Updated by Albert Lee over 12 years ago
http://src.illumos.org/source/xref/illumos-opengrok/usr/src/uts/common/xen/io/xdf.c#1695 shows that xdf_lb_rdwr
supports zero-length for cache flush operations.
Updated by Albert Lee over 12 years ago
- Subject changed from Panic in xdf (Xen PV disk) I/O to cmlb causes panic in xdf
Updated by Garrett D'Amore over 12 years ago
This looks like a problem in the xdf driver, not in cmlb.
Updated by Albert Lee over 12 years ago
cmlb itself clearly has a problem - it's not ensuring initialisation of certain structures before handling ioctls (and also get_prop). xdf probably should handle zero-side I/O though.
Updated by Garrett D'Amore over 12 years ago
Actually, I think the problem is in xdf.
cmlb initializes some structures by calling the "tg" operations, and I think its likely based on the call stack I see in the code that xdf is attaching cmlb before it has assigned reasonable values to its own underlying parameters including sector size and other geometry details.
The solution probably is to move cmlb_attach() in xdf to a point after critical geometry has been established.

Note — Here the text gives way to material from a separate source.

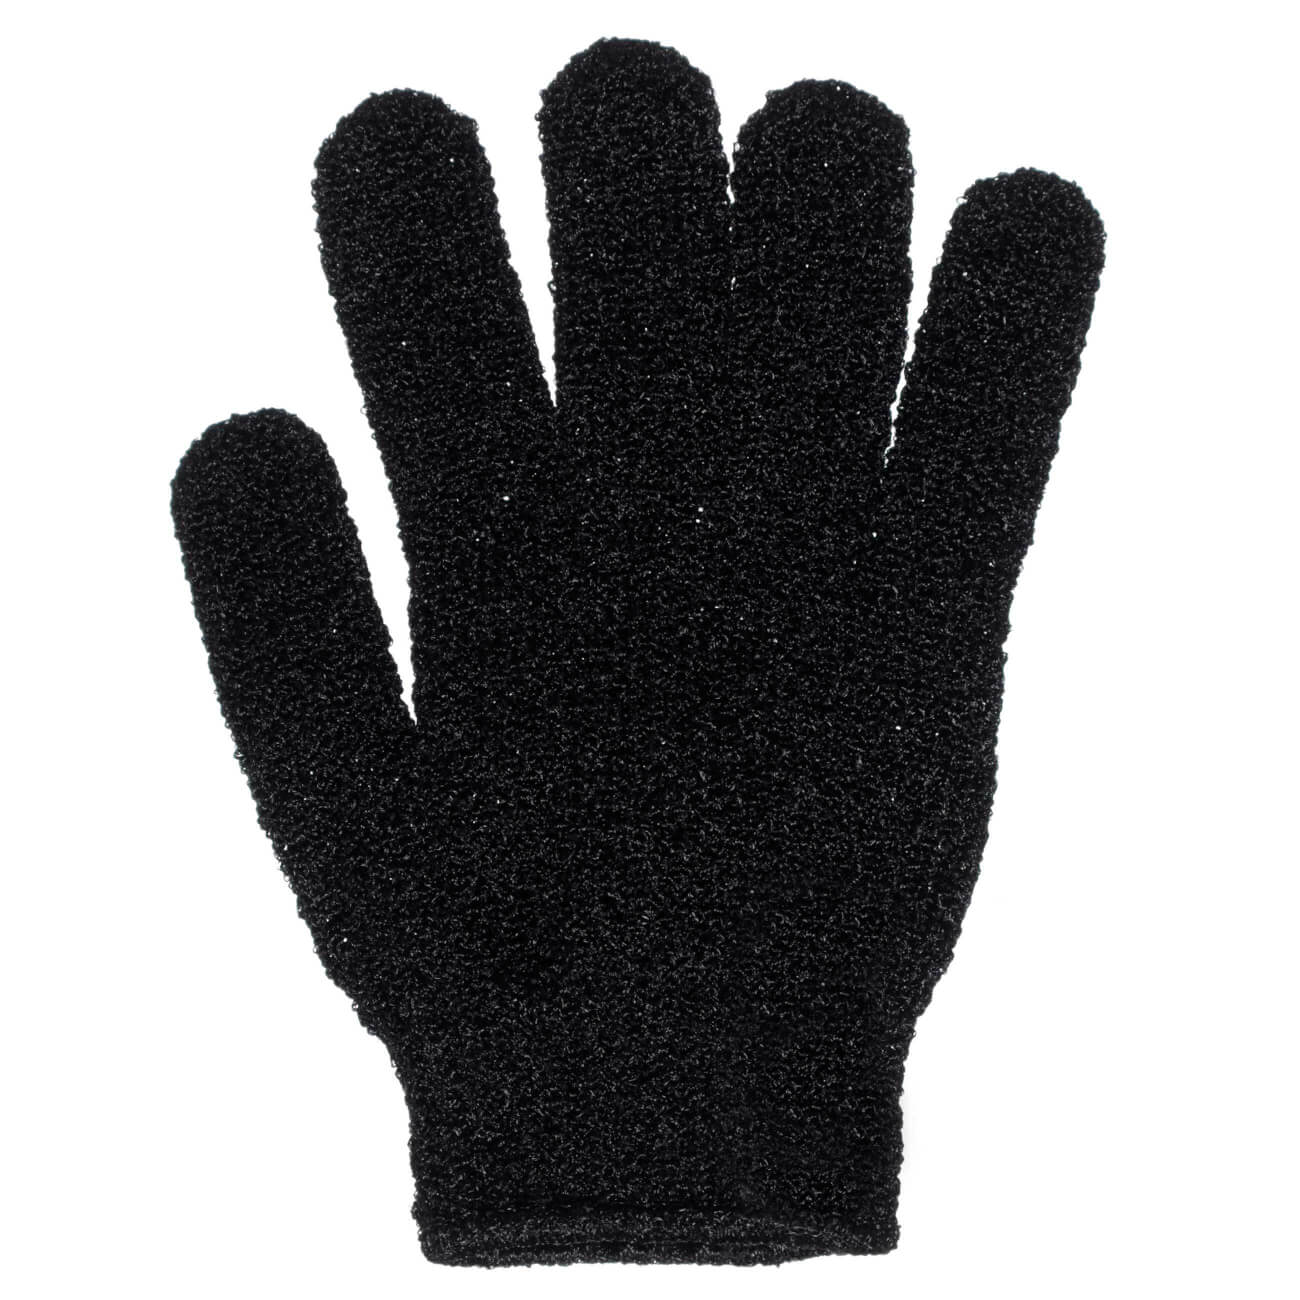 Перчатка для мытья тела, 20 см, 2 шт, отшелушивающая, нейлон, черная, Glamor шумовка нейлон навеска черная daniks солид ja20200420 2

Updated by Pavan Chandrashekar over 12 years ago
I had seen a similar issue while I was working on the extended partition project.
Check out the following on bugs.opensolaris.org
Bug ID: 6840756
Synopsis: Incorrect handling of virtualized disk state in hvm
I am not sure how much more information is available from the opensolaris site, but the bug description might be of some help in figuring out if what you are seeing in another manifestation of the same problem.